Determine if all even place bits (counting from left to right) are set to 1. For instance, 0101 0101 would count whereas 1011 1000 would not count.

If the the bit has 1's in all even places, return 1, or else return 0.

Constraints: must only use bitwise operators. Cannot use conditionals. Biggest integer you can use in an expression is 0xFF.

Here is my code:

int allEvenBits(int X) {
    int x1 = !((X & 0x55) ^ 0x55);
    int x2 = !(((X >> 8) & 0x55) ^ 0x55);
    int x3 = !(((X >> 16) & 0x55) ^ 0x55);
    int x4 = !(((X >> 24) & 0x55) ^ 0x55);
    return x1 + x2 + x3 + x4;

}

The above returns 1 for the following: 1011 0010 1001 0010 1011 1001 1111 1111

How can I modify this to make it work with the constraint?

I didn't downvote, but the question specifies that the biggest constant you're allowed to use is 0xFF

@user3386109: Saw that restriction too late, though changed then.

This is a very nice solution and works perfectly. I am a beginner in C. If you wouldn't mind, can you explain how this logic works?

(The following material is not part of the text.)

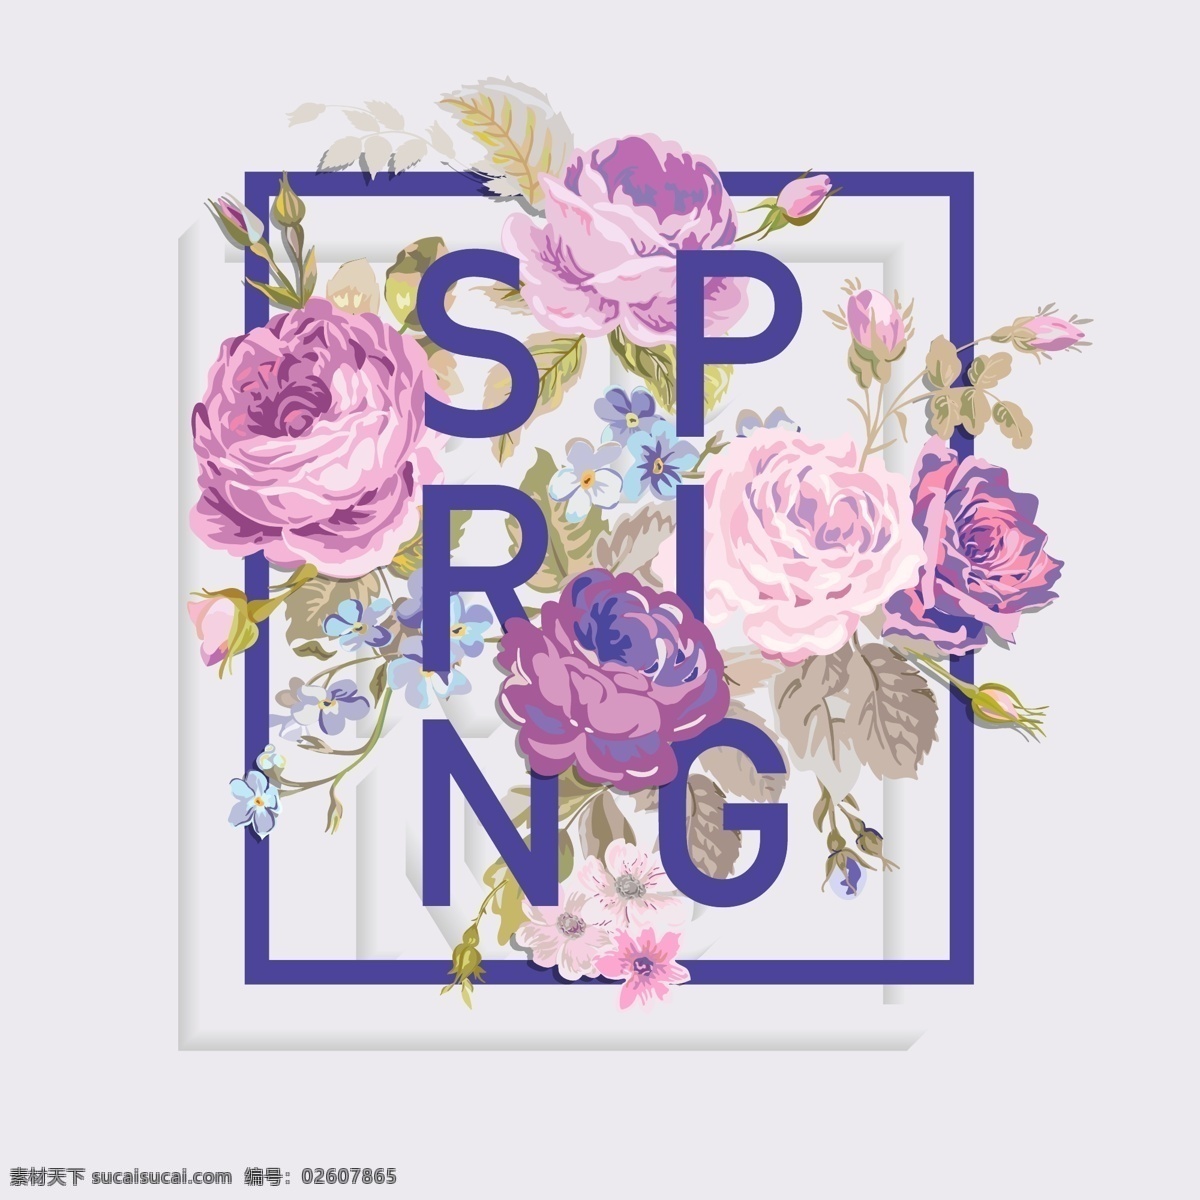 紫色 小 清新 春夏 花卉 海报 矢量 花朵 春天 合成字体 创意 穿插 小清新 卡通 填充 插画 背景 广告 包装 印刷 夏天

Specifically, I don't understand what the operators &= do.

x &= x >> 16 is shorthand (valid C) for x = x & (x >> 16) . The same way x += 5 is the same as x = x + 5

Yeah, this is one of those silly puzzle questions that requires a sub-optimal solution, for no particular reason.

I'm not sure == would be allowed.

I still don't get how it works, especially why only needs to count 16?

@SittingBull: It's not really counting; it's more like a binary expansion. Each of the statements in turn effectively tears the integer in half and combines the two halves with a bitwise and. So if you start with 32 bits (the assumption), then the first half is 16 bits from the end.